I remain optimistic for the future of our service, but recognize the need to anticipate adjustments and to promote innovation over the coming years.’

Consultant 2 years post ISFE, North England

There was an air of uncertainty when I became a consultant. One of the good things I knew (when I started my new job) was that I was working with a fantastic work colleague. This made the transition from senior registrar to consultant much easier as he reassured me that you are not expected to know all the answers. The thing I found, despite ISFE training, is that, just because you can give a model answer in an exam, does not mean that you can do the same in reality. Even the simplest of treatment plans can be difficult because the responsibility lies entirely with you!

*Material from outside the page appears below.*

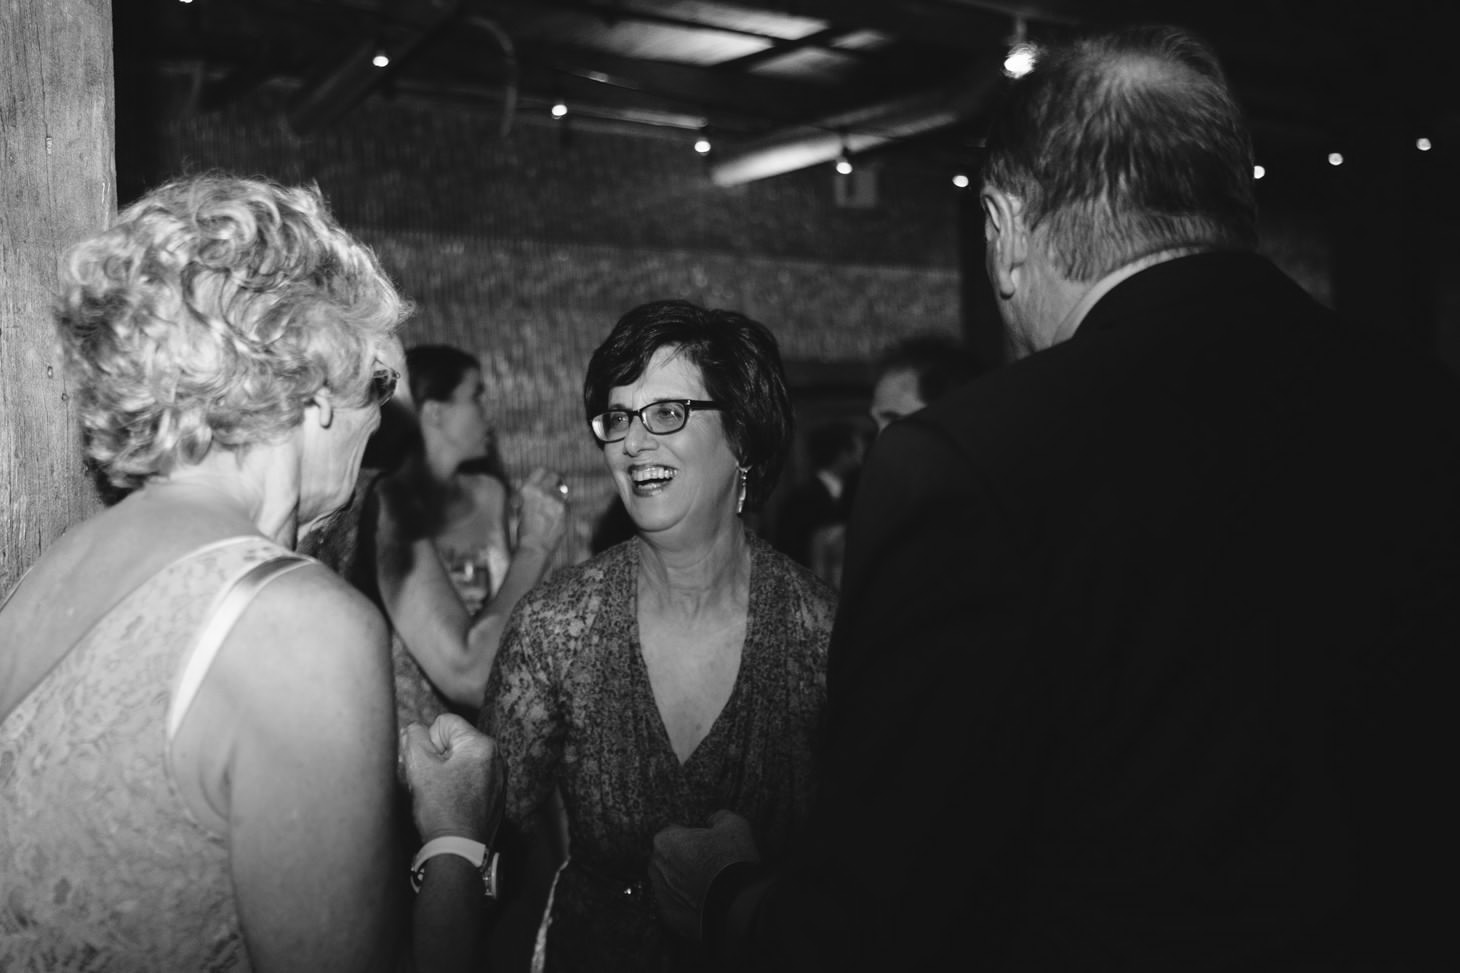 049-nyc-dumbo-loft-brooklyn-wedding-photographer-smitten-chickens-photo-.jpg

Bad things…..the increased onus means I am forever double checking myself which I did before but so much more now. It's also hard for people, occasionally, to take you seriously when you look so young, but this is often mitigated when you start talking about the stuff you really do on a day-to-day basis. People expect you to be a leader at all times, especially the management aspect of things, which takes time, especially when the business manager is asking you multiple questions about RTT (referral to treatment).1If you have immense work colleagues, the job is fine – someone to lean on, consult and help you through the difficult parts. Most difficult is that invisible blanket that the decision starts and finishes with you!

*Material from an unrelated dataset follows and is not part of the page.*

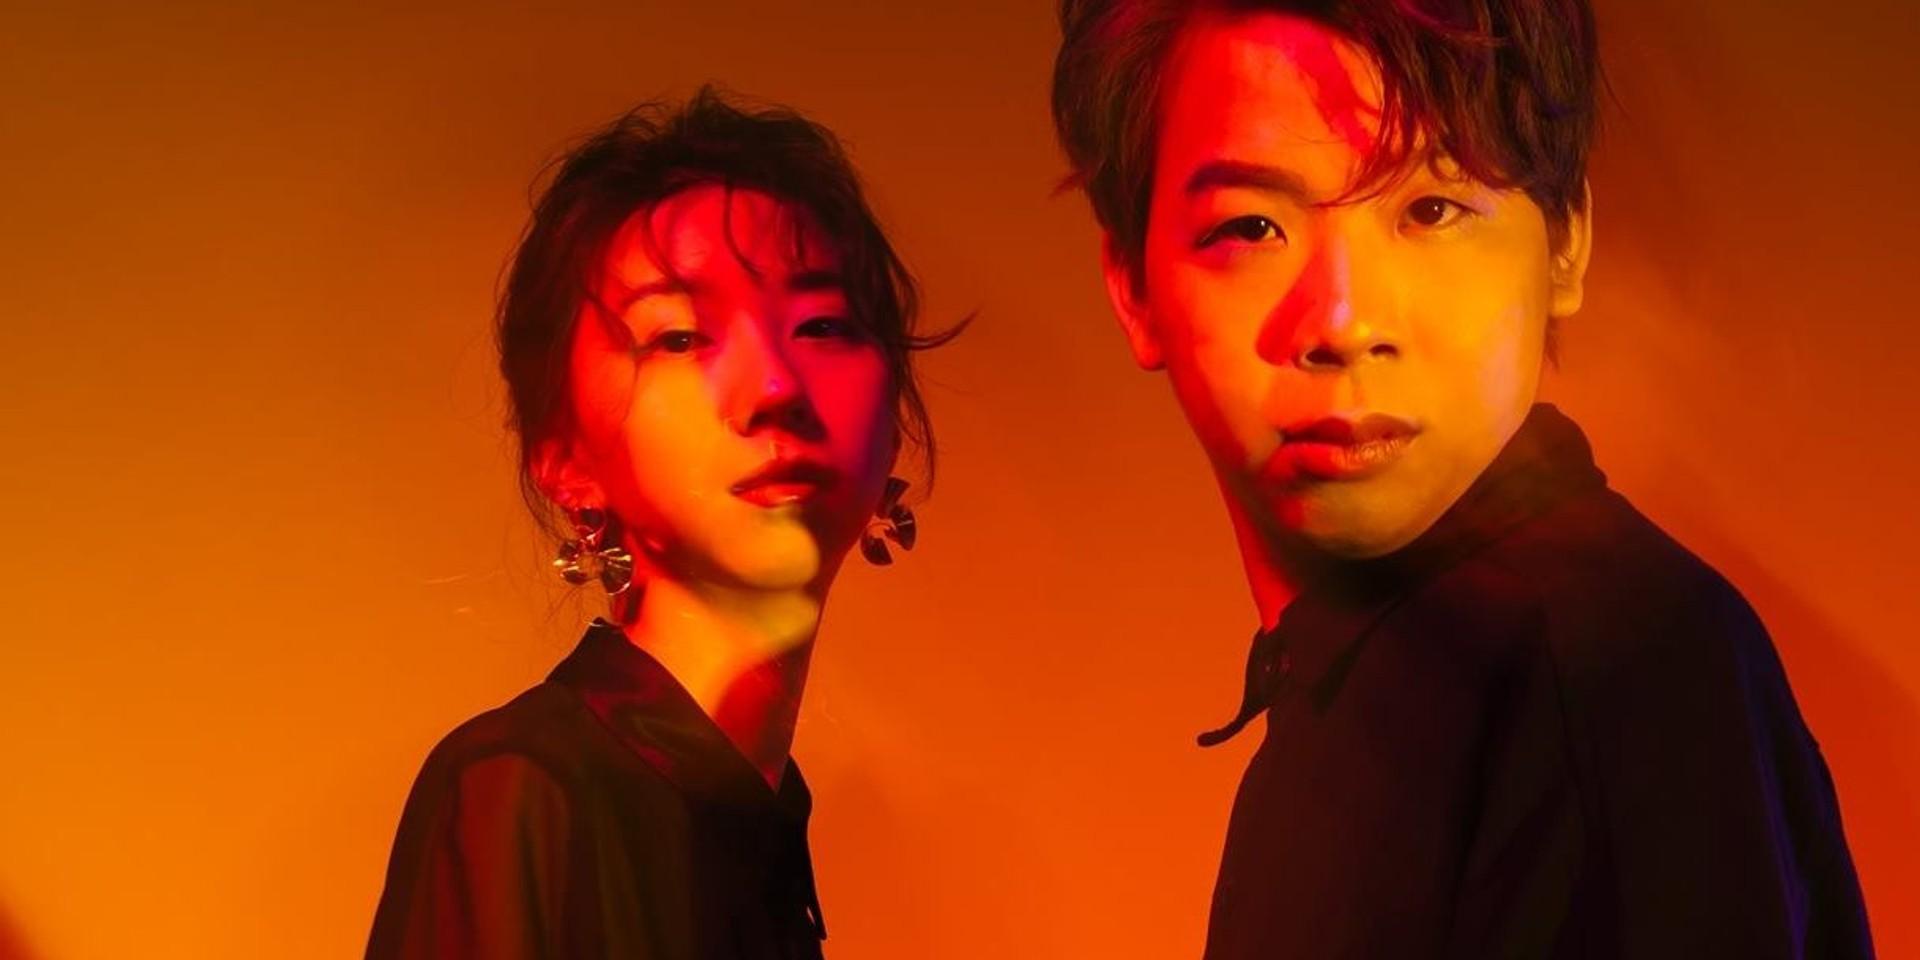 Asia Spotlight: Taiwan's 好樂團 Goodband on turning struggles into surprises

Consultant 1 year post ISFE, South England

Good things

  • Actually doing the job you've trained for for over 14 years.
  • Ultimately being responsible for helping/treating the patients with the most complex needs in your specialty.
  • Working with colleagues you respect, both personally and clinically, in a unit providing high quality teaching/training/treatment/research.
  • Being able to develop your unit and region to best serve the needs of the population you serve.
  • Having the experience and (finally!) clout to make changes/improvements within the department where you work.
  • Bad things

  • Uncertainty over new consultant contract.
  • Uncertainty over orthognathic work/orthodontic future in NHS. When the current NHS orthognathic pilot scheme describes the treatment as ‘low priority’ 8 times in the one document, it belittles the needs of our patients and our role as orthodontic consultants providing care for those with the most severe malocclusions/dentofacial deformities.
  • Difficulty in attaining a job in the region you trained.
  • Being tied to the region you trained and balancing a young family with a partner who is going through StR training is difficult when the closest vacant post is over one and a half hours drive away.
  • Wanting to develop a research interest but struggling to find an outlet. Consultant 2 years post ISFE, North England.
  • I hope this gives you a reasonably honest appraisal of how things are as a newly appointed consultant. The NHS is in a constant state of flux and it can, at times, be very difficult to see how to navigate this. My final words of advice for any budding consultant, in any specialty, are as follows; if in doubt, stick to the basics and your first principles. Be slow to judge and take time to obtain all the facts before committing to anything. If you are really stuck on a patient problem and advice is hard to come by, ask yourself how you would like to be treated in this situation.

    Decide upon a plan, get your head down and put it into action. Don't worry about what others will say (or think), but always have a few close confidents you can call on for those times when we all need a little help.

    It is a roller-coaster ride and as things stand nobody seems to know exactly where we are going. However, quality care should see you through. GOOD LUCK!